**Available data:**
○ ○ ○ ○

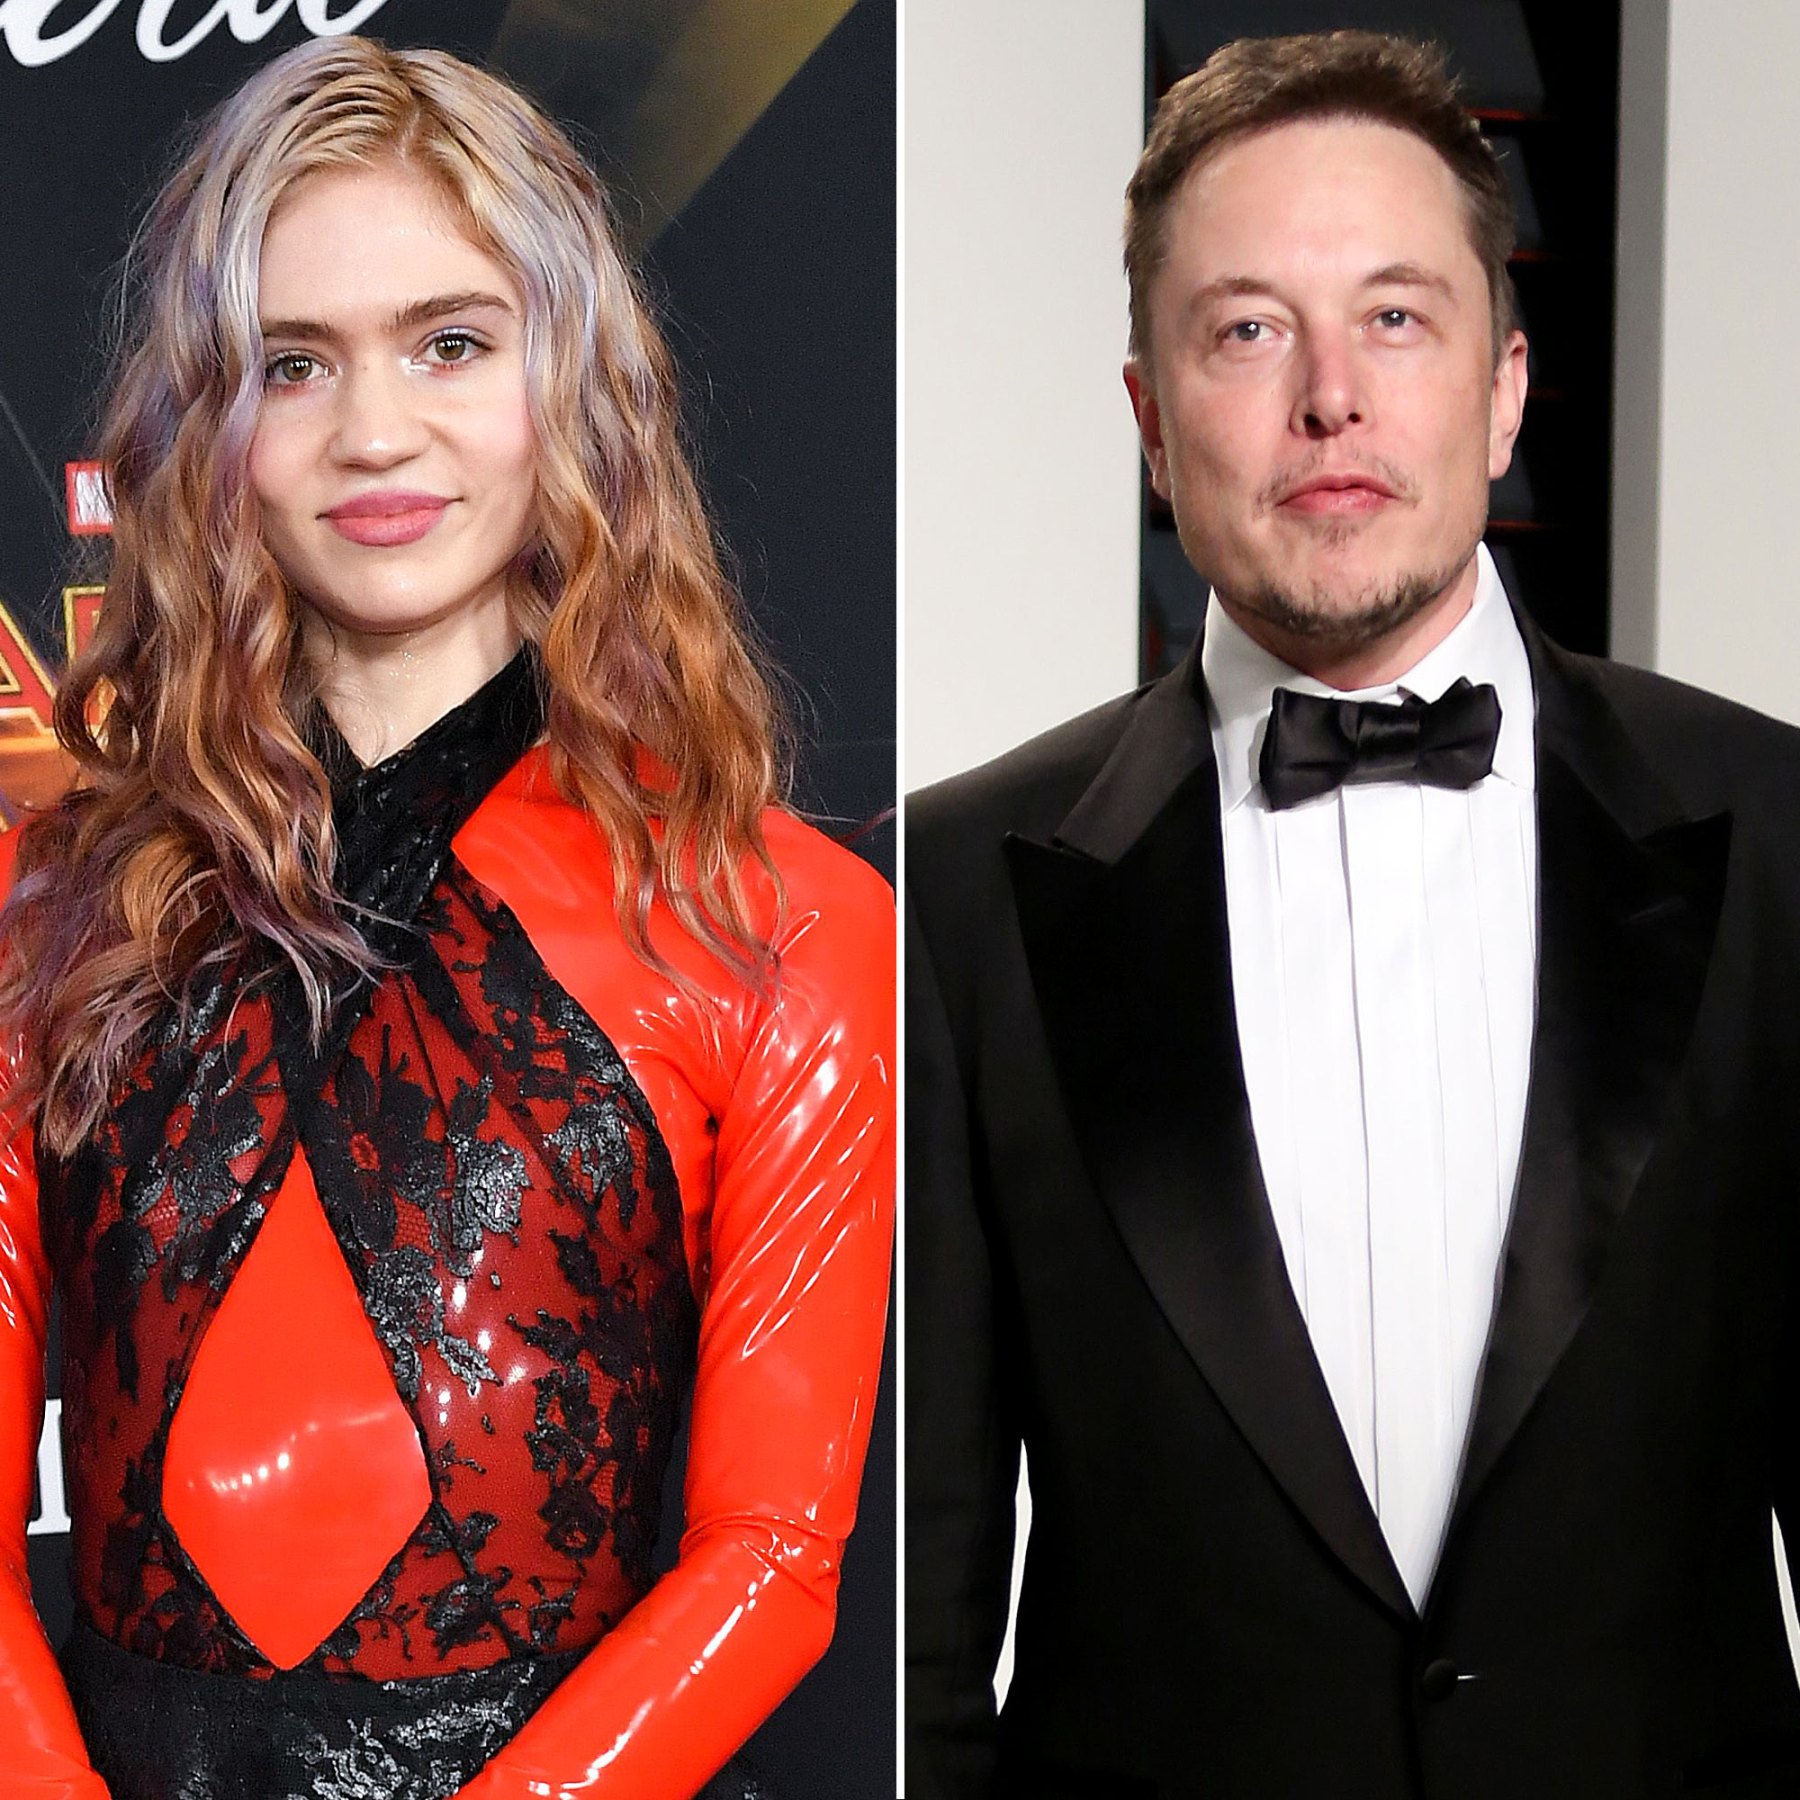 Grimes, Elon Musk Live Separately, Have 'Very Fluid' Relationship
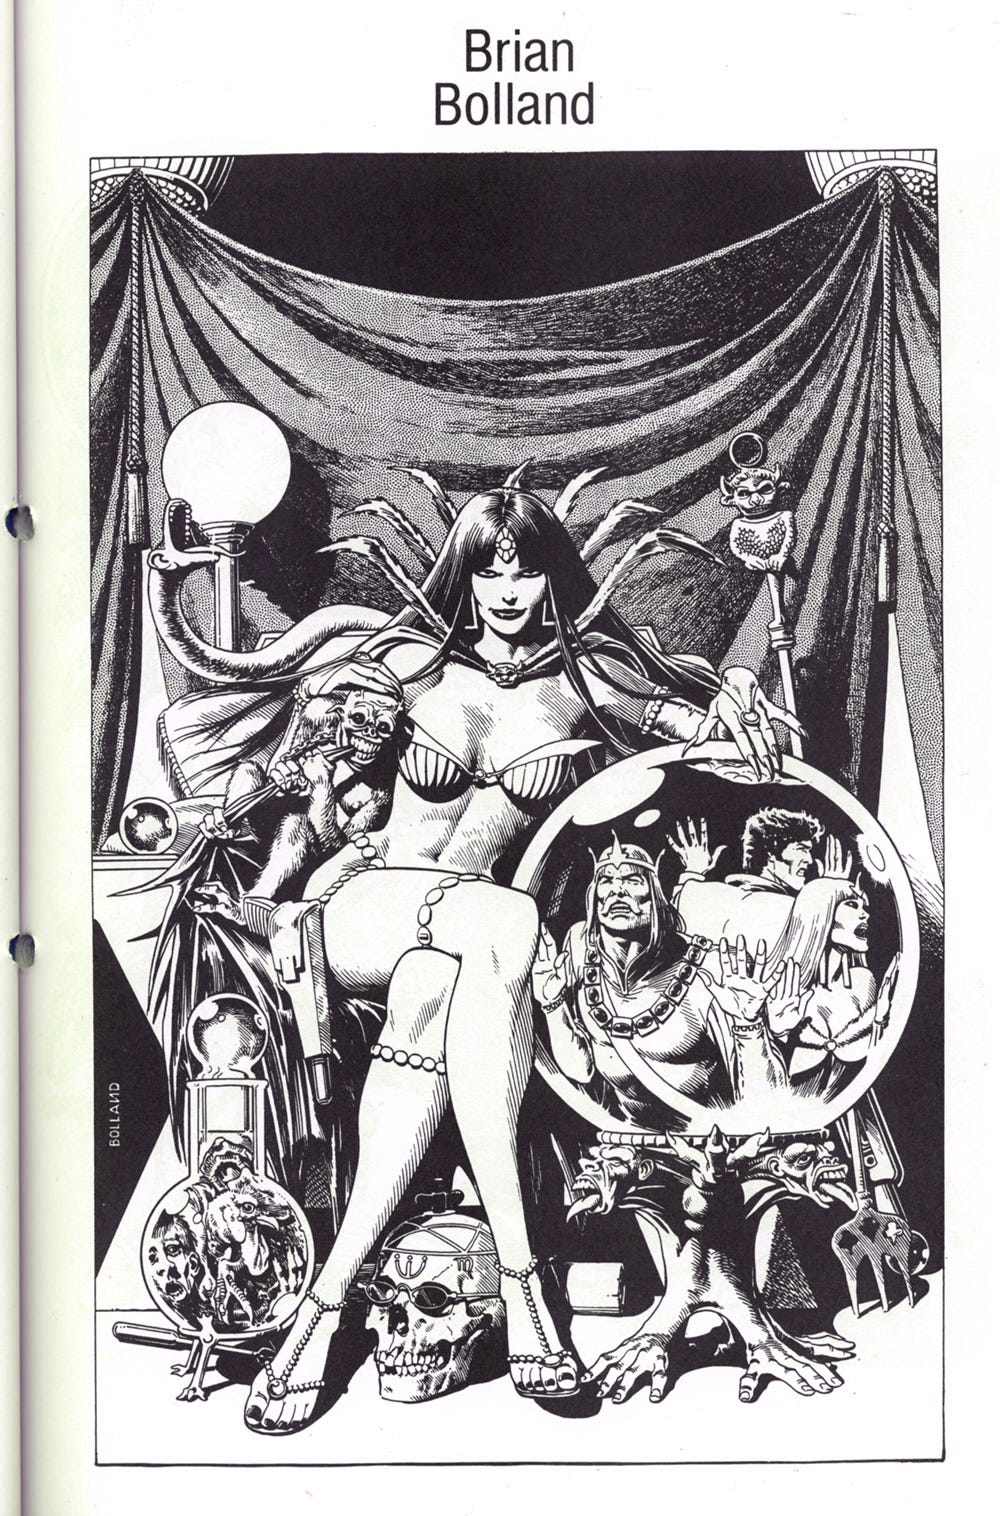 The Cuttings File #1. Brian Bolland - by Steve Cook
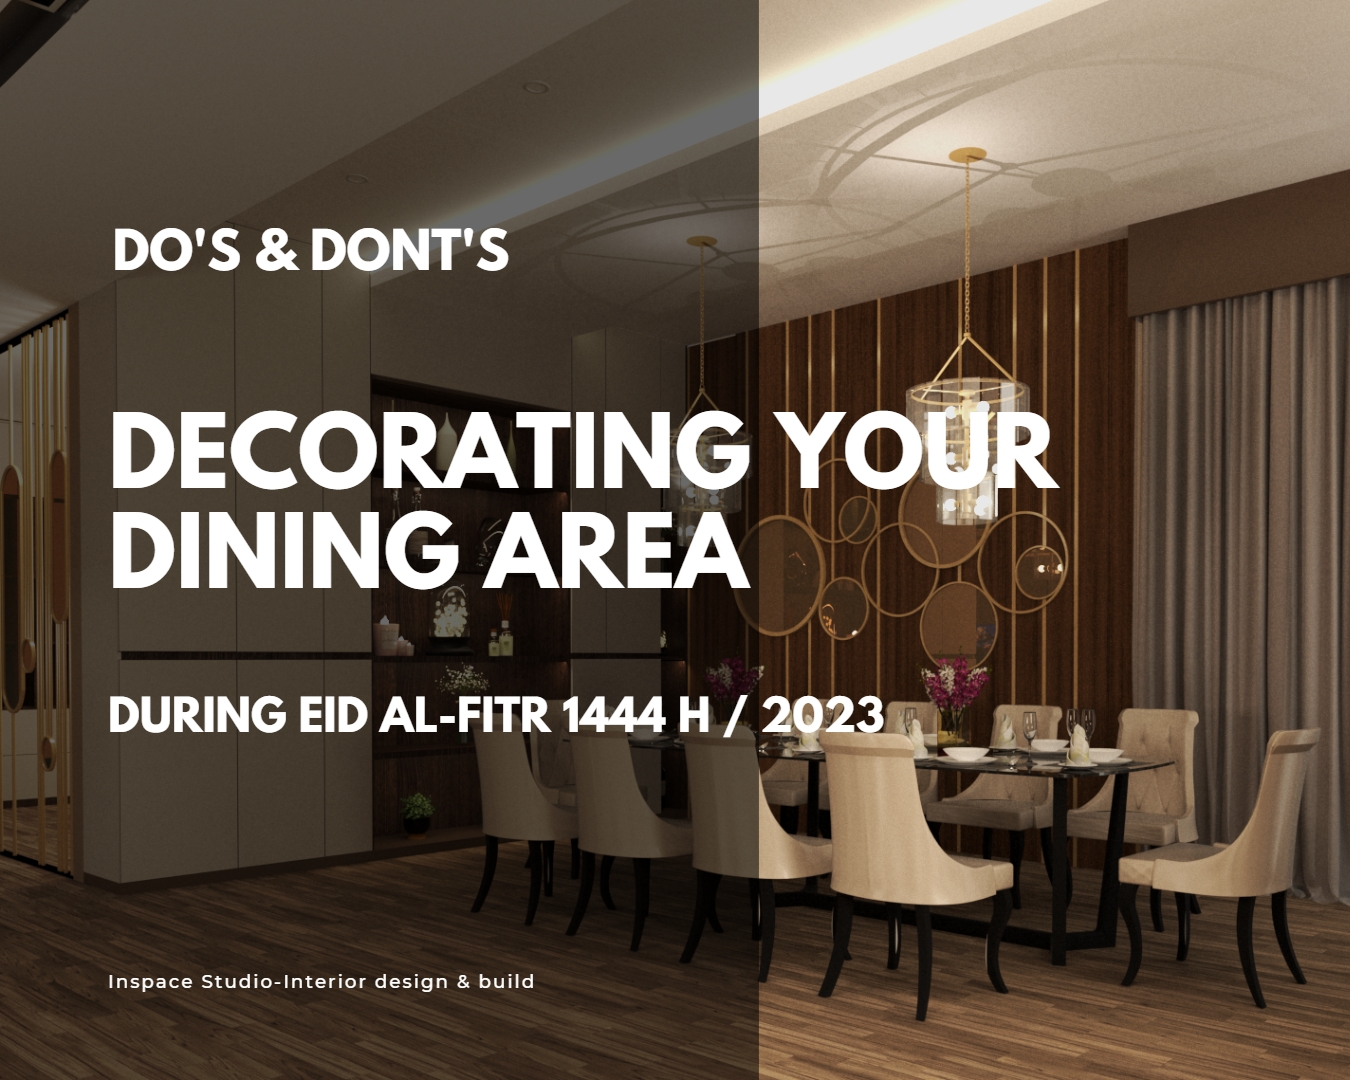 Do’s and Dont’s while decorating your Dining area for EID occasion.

○ ○ ○ ○

**The task:**
Please print the listing above again word for word, without its pictures.

**Task answer:**
 Grimes, Elon Musk Live Separately, Have 'Very Fluid' Relationship
 The Cuttings File #1. Brian Bolland - by Steve Cook
 Do’s and Dont’s while decorating your Dining area for EID occasion.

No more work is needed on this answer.